Plattenepithelkarzinoms
Jedes Jahr erkranken rund 132.000 Menschen an einem Plattenepithelkarzinom, auch Spinaliom genannt. Dieser weiße Hautkrebs kommt bei Männern häufiger vor als bei Frauen.
Plattenepithelkarzinoms
Jedes Jahr erkranken rund 132.000 Menschen an einem Plattenepithelkarzinom, auch Spinaliom genannt. Dieser weiße Hautkrebs kommt bei Männern häufiger vor als bei Frauen. Das mittlere Erkrankungsalter liegt bei 74 Jahren.
Typisch für diese weiße Hautkrebsart ist, dass sie über Jahre und Jahrzehnte langsam wächst.
Aussehen
Beim Plattenepithelkarzinom gibt es eine Vorstufe, die aktinische Keratose. Typisch dafür ist eine relativ scharf begrenzte Rötung, die kommen und gehen kann und die sich an der Oberfläche wie ganz feines Sandpapier anfühlt. Auf dieser Vorstufe entsteht beim Spinaliom irgendwann eine festhaftende Hornkruste, die ständig wächst und zu einem soliden Tumor wird.
Hat das Spinaliom einen Durchmesser von etwa einem Zentimeter erreicht, besteht eine gewisse Möglichkeit, dass sich Metastasen bilden.

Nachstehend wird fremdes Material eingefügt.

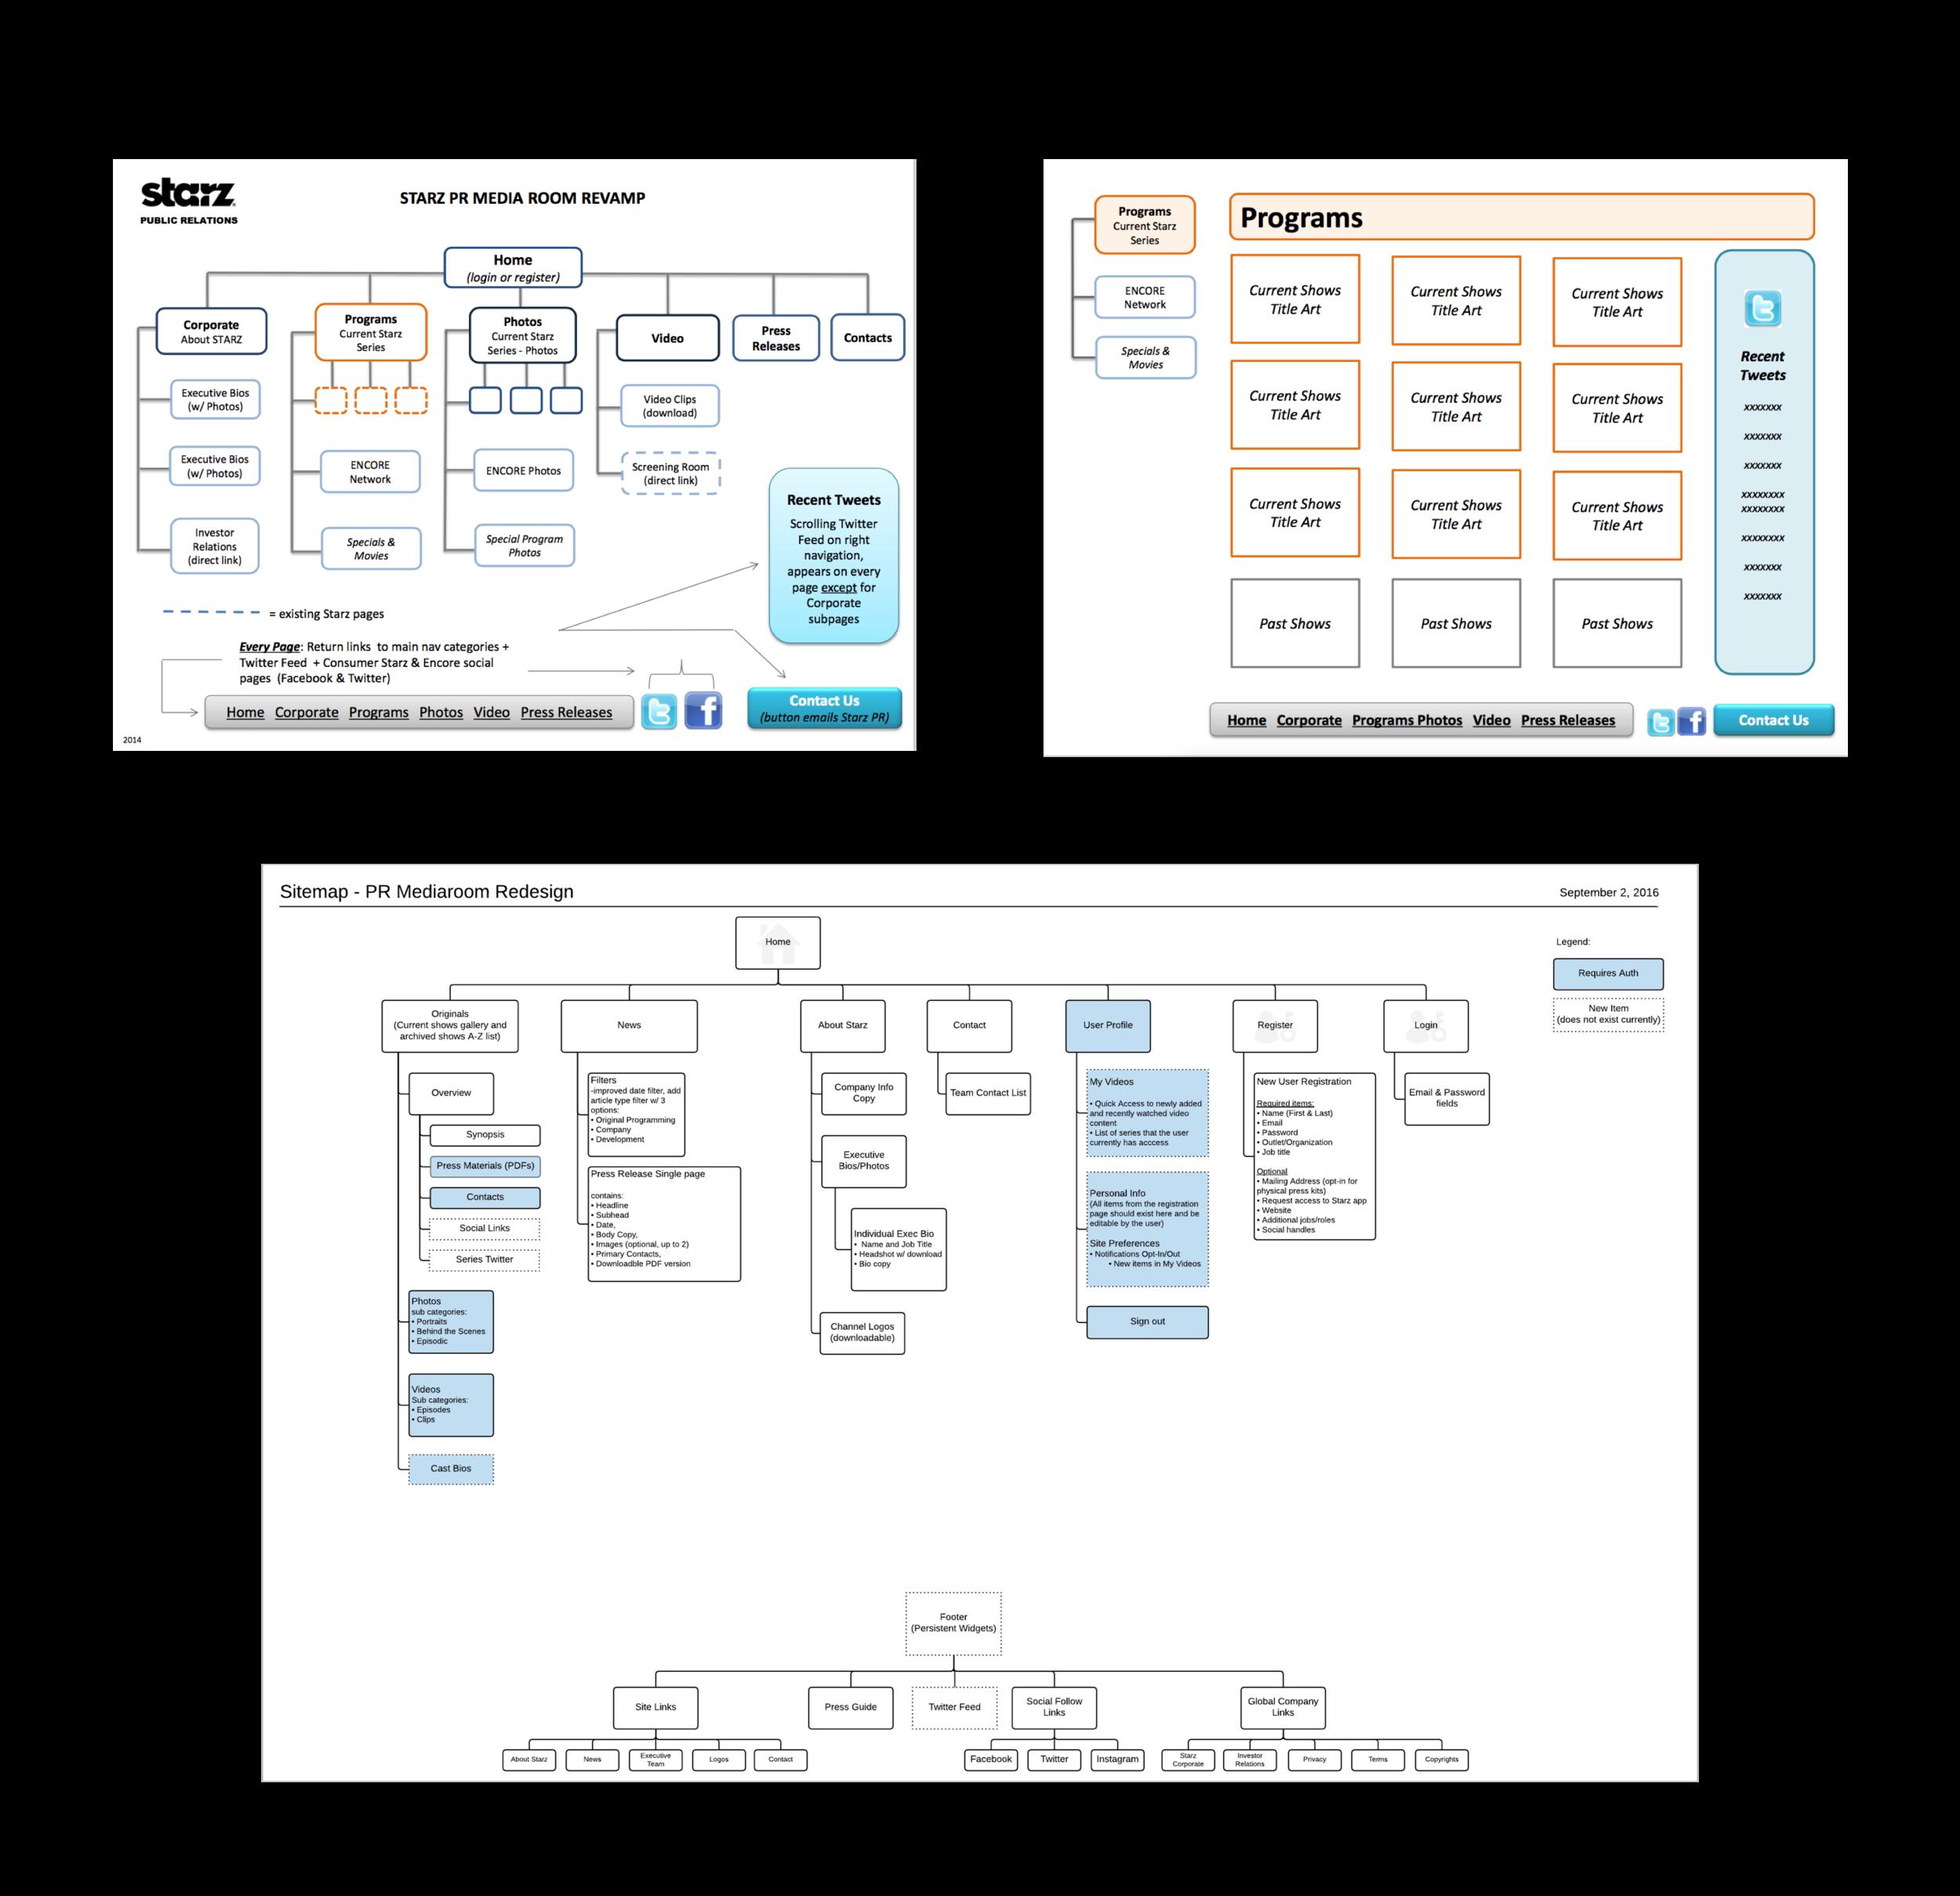 redesign_PRsitemap.png

Die aktinische Keratose tritt an Körperstellen auf, die häufig der Sonne ausgesetzt sind: an Nase, Stirn, Schläfen, Unterlippe und Handrücken. Da Männer oft kürzere oder weniger Haare als Frauen haben, sind bei ihnen auch Ohrspitzen, Nacken und Kopfhaut gefährdet.
Diagnostik
Um den Verdacht auf ein Plattenepithelkarzinom zu bestätigen, wird eine Gewebeprobe (Biopsie) entnommen und feingeweblich auf Zellen des weißen Hautkrebses untersucht. Wenn Risikofaktoren vorliegen – das Spinaliom zum Beispiel einen bestimmten Durchmesser überschreitet, bereits zu tief ins Gewebe eingedrungen oder das Immunsystem geschwächt ist –, werden außerdem die Lymphknoten mit Ultraschall untersucht.

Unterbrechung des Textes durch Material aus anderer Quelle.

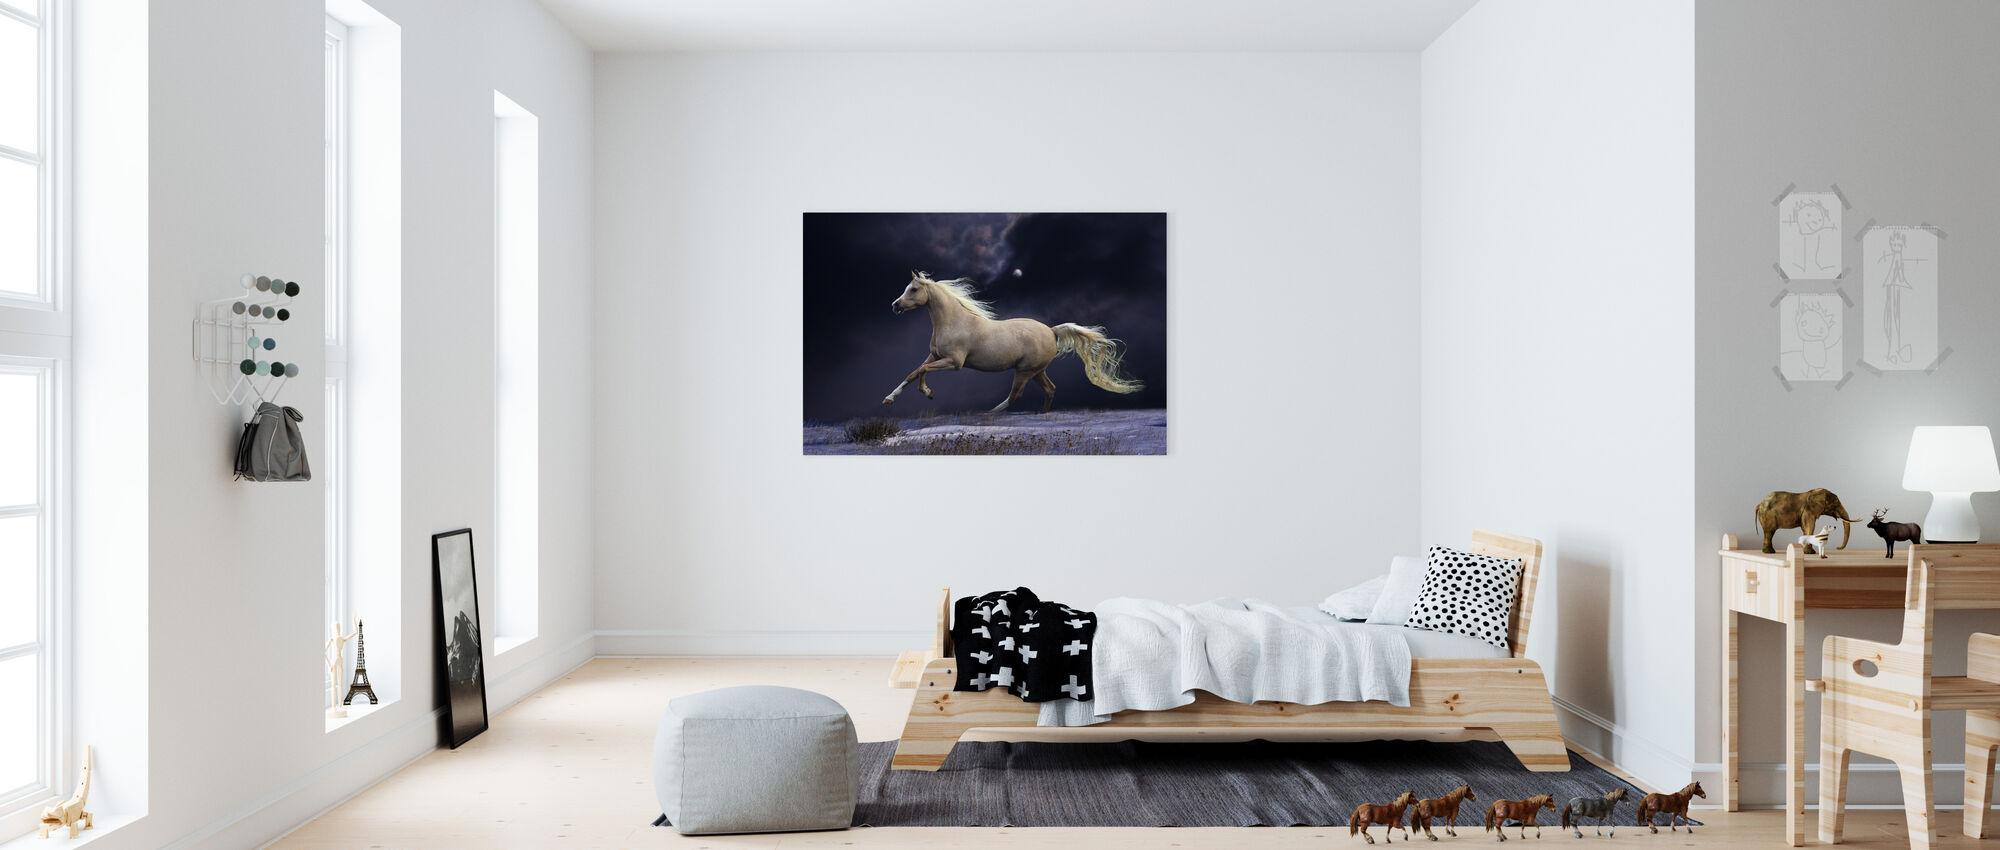 Horse in Moonlight - Canvas print - Kids Room

Damit will der Arzt feststellen, ob sich in ihnen Krebszellen des Spinalioms finden. Bei ausgedehnten und stark in die Tiefe wachsenden Plattenepithelkarzinomen und wenn der Verdacht besteht, dass der Tumor Tochtergeschwülste in andere Organe (Fernmetastasen) abgesiedelt hat, kommen bildgebende Verfahren wie die Computertomographie in Frage.
Behandlung
Um die aktinische Keratose zu entfernen, gibt es verschiedene Verfahren. Dies sind zum einen operative Verfahren durch Laser oder Kältechirurgie. Bei der Kältechirurgie wird die betroffene Hautstelle für wenige Sekunden mit flüssigem Stickstoff behandelt, der eine Temperatur von etwa – 196 Grad Celsius hat.
Zum anderen kann die photodynamische Therapie (PDT) zur Anwendung kommen. Dabei werden die betroffenen Hautstellen mit einem speziellen Wirkstoff behandelt und anschließend einem langwelligen Licht ausgesetzt – meist Rotlicht. Manchmal genügt auch Tageslicht, so dass Betroffene im Anschluss nach der Behandlung einfach eine Zeit lang ins Freie gehen können. Als weitere Behandlungsmöglichkeiten kommen eine lokale Chemotherapie oder eine lokale Immuntherapie in Frage.
Ist das Spinaliom noch nicht größer als ein bis zwei Zentimeter, besteht eine Heilungschance von nahezu 100 Prozent.
Nachsorge
Bei etwa der Hälfte der Menschen mit Plattenepithelkarzinom tritt innerhalb von fünf Jahren nach der Diagnose ein Zweittumor auf. Daher sind bei diesem weißen Hautkrebs in den ersten fünf Jahren Nachsorgeuntersuchungen beim Spinaliom besonders wichtig. Wie oft sie stattfinden, hängt von jedem Einzelfall ab. Im ersten Jahr sind kurze Abstände von einem Vierteljahr ratsam.